Book 1, chapter 5, paragraphs 03-04

[De la richesse commerciale, Sismondi, 1803, Original, 120-22]

   L’argent est un luxe dans le commerce, puisque ne se consommant point, on ne l’achète pas pour en faire usage soi-même, et que sans la convention universelle qui le fait regarder comme signe du travail et de ses produits, il seroit [serait] presque inutile. Cependant l’argent coûte à produire autant qu’il vaut dans le commerce.
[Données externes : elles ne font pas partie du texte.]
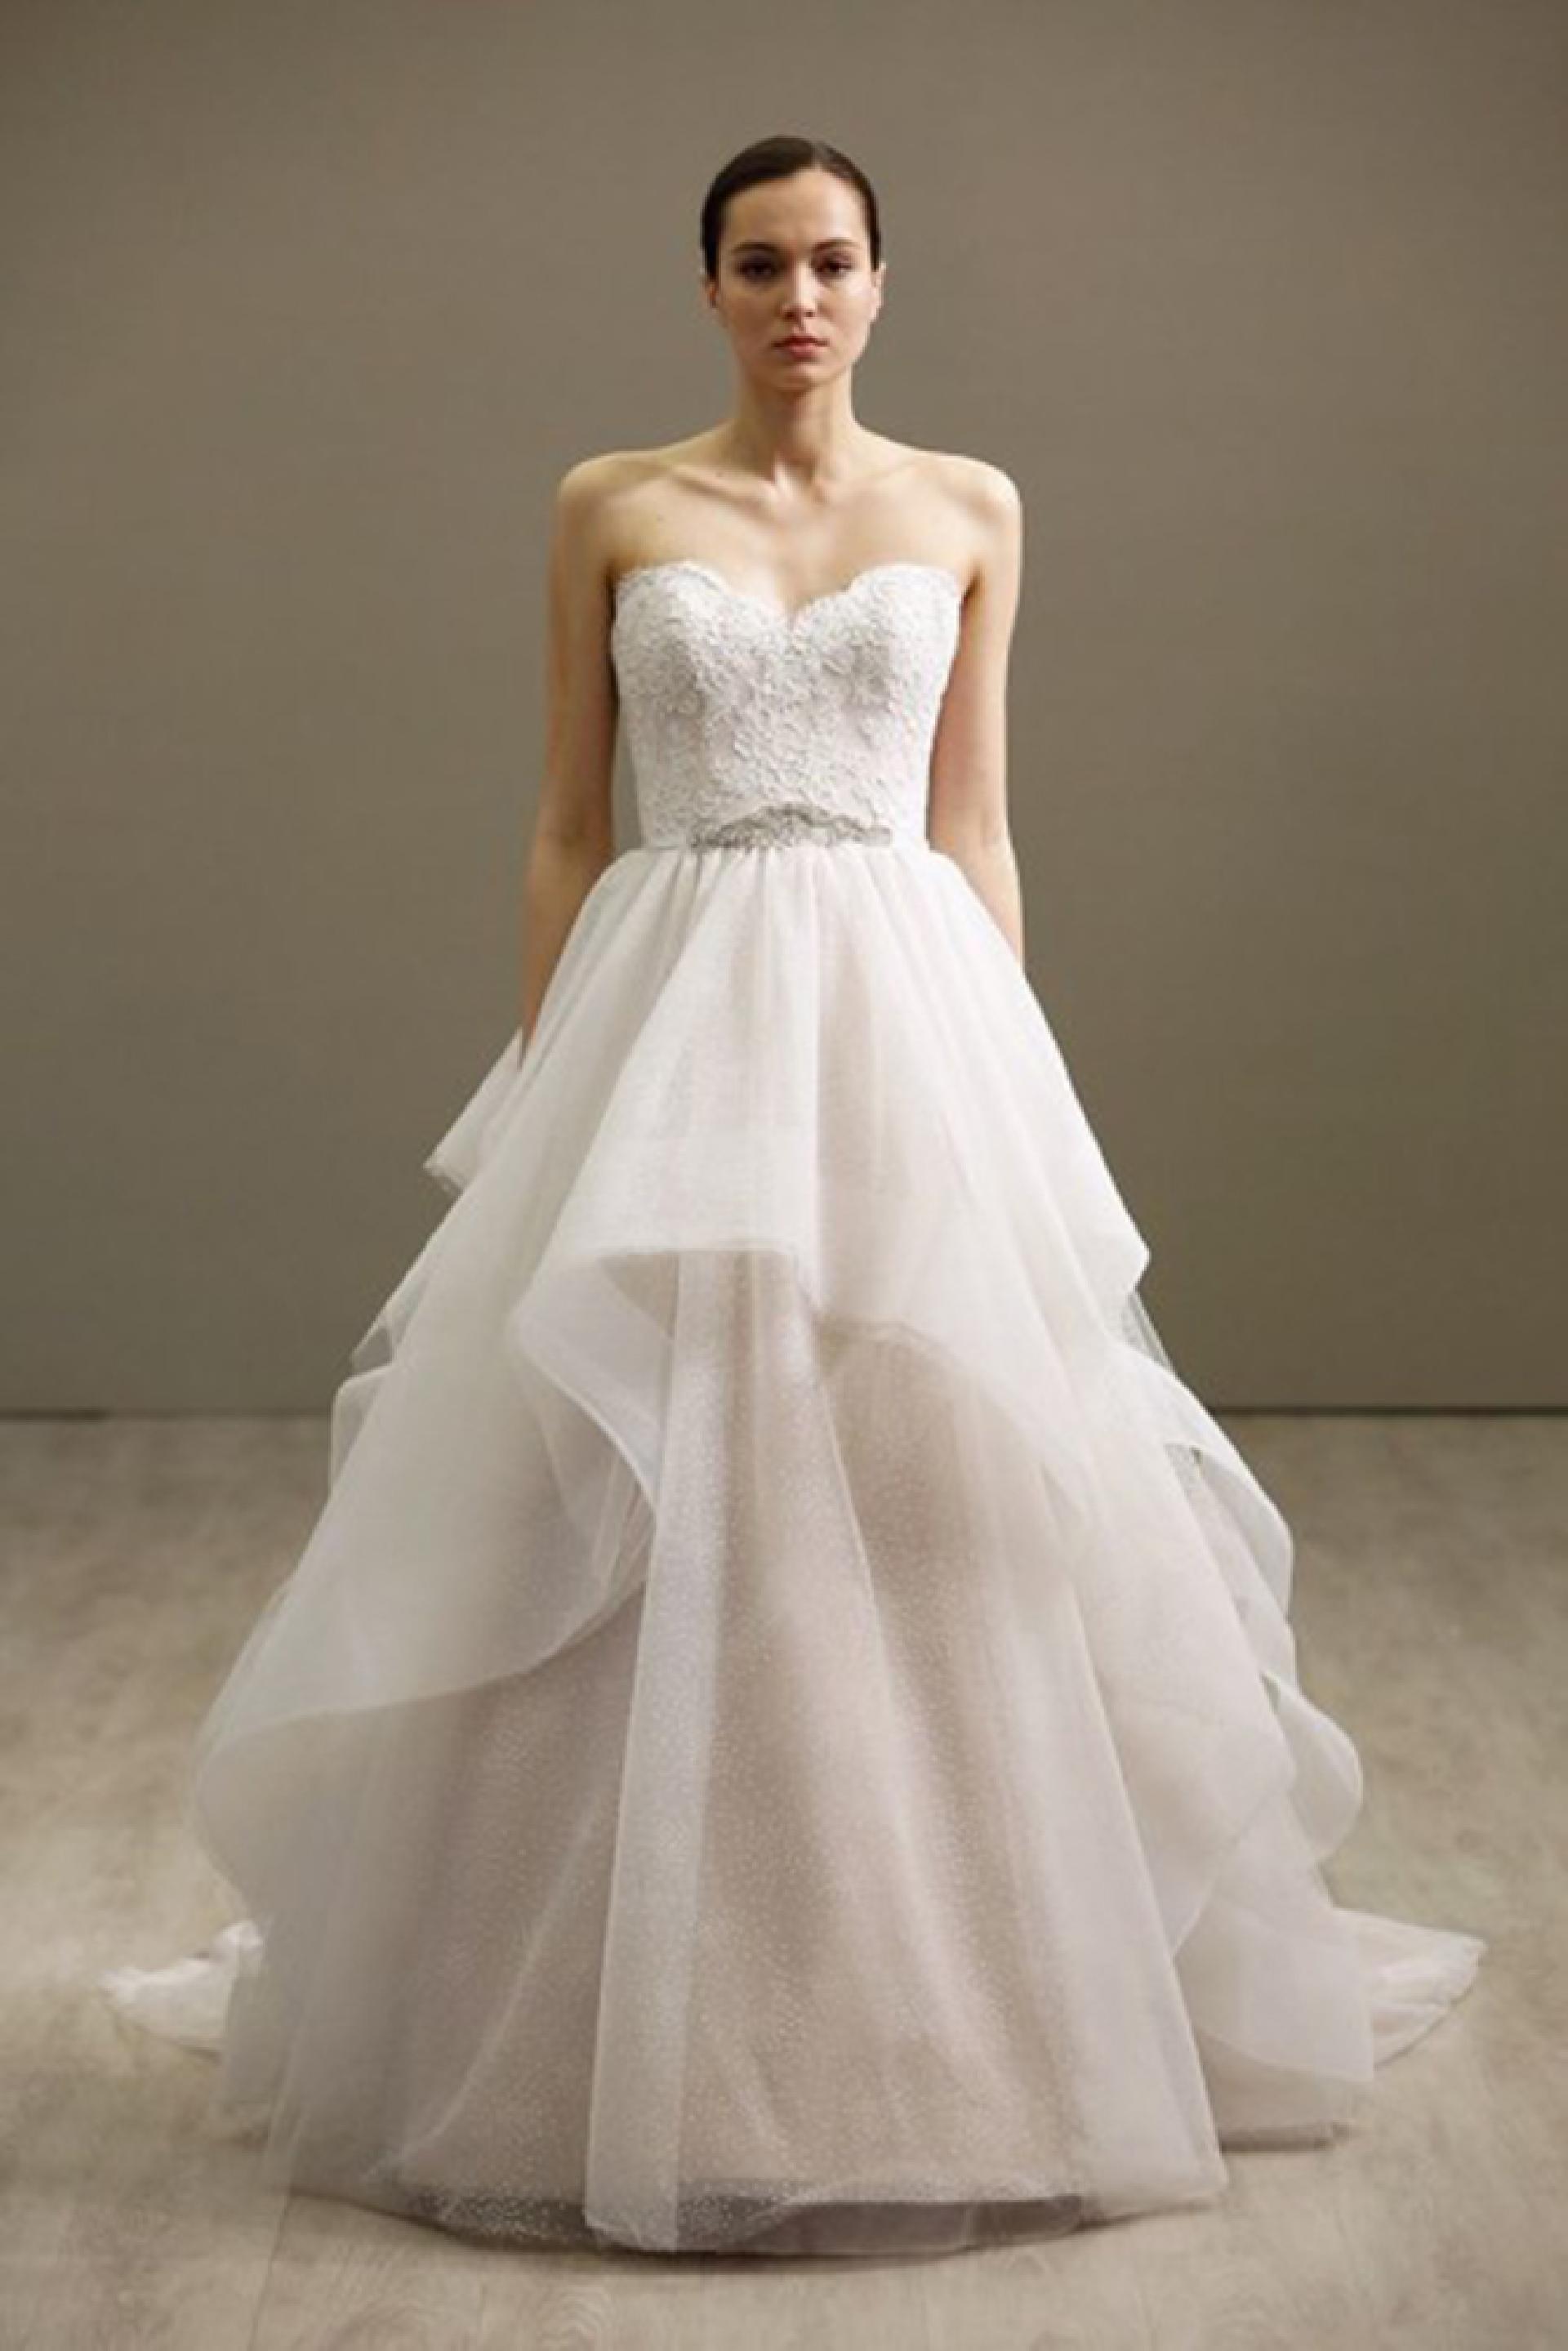 Used wedding dresses houston buyretinaus for Used wedding dresses houston

On conçoit qu’on auroit [aurait] pu adopter un signe qui ne coûtât rien à produire, et l’on entrevoit la possibilité d’obtenir de lui les mêmes effet: L’exemple de la banque d’Amsterdam, qui tenant les comptes de tous les particuliers, leur évitoit [évitait] la peine de payer et de recevoir; l’exemple de plusieurs pays qui ont substitué le papier-monnoie [monnaie] à l’argent, prouve qu’il existe des moyens de se passer des métaux précieux; mais il faut pour les mettre en œuvre que la moralité du Gouvernement inspire la confiance la plus parfaite, et rassure sur la crainte de lui voir multiplier le signe pour s’approprier la réalité. Or comme cette moralité du Gouvernement, lorsqu’elle existe, n’est point une chose inaltérable, il a été plus sage pour toutes les nations de convertir une partie de leur richesse mobiliaire [mobilière] en argent, afin de faciliter leurs échanges, parce que dès lors le signe du commerce a eu une valeur intrinsèque, et n’a plus dépendu des événemen[t]s.
   L’argent a donc deux valeurs dans le commerce, l’une intrinsèque, déterminée par l’évaluation du travail qui l’a produit, et composée comme celle de toutes les marchandises, de rente, profit, et salaire; l’autre relative ou échangeable, qui est déterminée par le besoin qu’on en a. Dans le livre second, nous verrons qu’il en est de même de toutes les marchandises; examinons à présent les bases de la fixation de ces deux valeurs de l’argent.

[Translation]

   Money is a sort of luxury in commerce, for, not consumed, it is not bought in order to make use of it itself, and it would be useless without the universal convention to suppose it as sign of labour and its produce. However, it costs as much to produce money as its value in commerce. You conceive that you could have adopted a sign had it cost nothing to produce it, and perceive the possibility to obtain the same effects from it; the example of the Bank of Amsterdam, which spared all individuals the trouble of paying and receiving by keeping the accounts of them. The example of some countries, which substituted paper money for coins, shows that there are some means to dispense with precious metals. But to put them into practice it is necessary that the morality of the government should inspire the perfect confidence and should appease the fear that it should multiply the sign to adapt to the reality. And yet, since this morality of the government, when it exists, is not constant, it was wiser of all the nations to convert a part of their movable wealth into money in order to facilitate their exchanges, because since then the sign of commerce had intrinsic value, and no longer depended upon circumstances.
   Money therefore has two sorts of value in commerce. One is intrinsic value, determined by the evaluation of labour which has produced it, and composed of rent, profit, and wages, as all the commodities. The other is relative or exchangeable value, determined by the want people feel for it. In the second book, we see that it is the case with all the commodities; now I examine the fundamentals of determination of these two values of money.

Monday, 30 March 2009

Book 1, chapter 5, paragraphs 01-02

[De la richesse commerciale, Sismondi, 1803, Original, 119-20]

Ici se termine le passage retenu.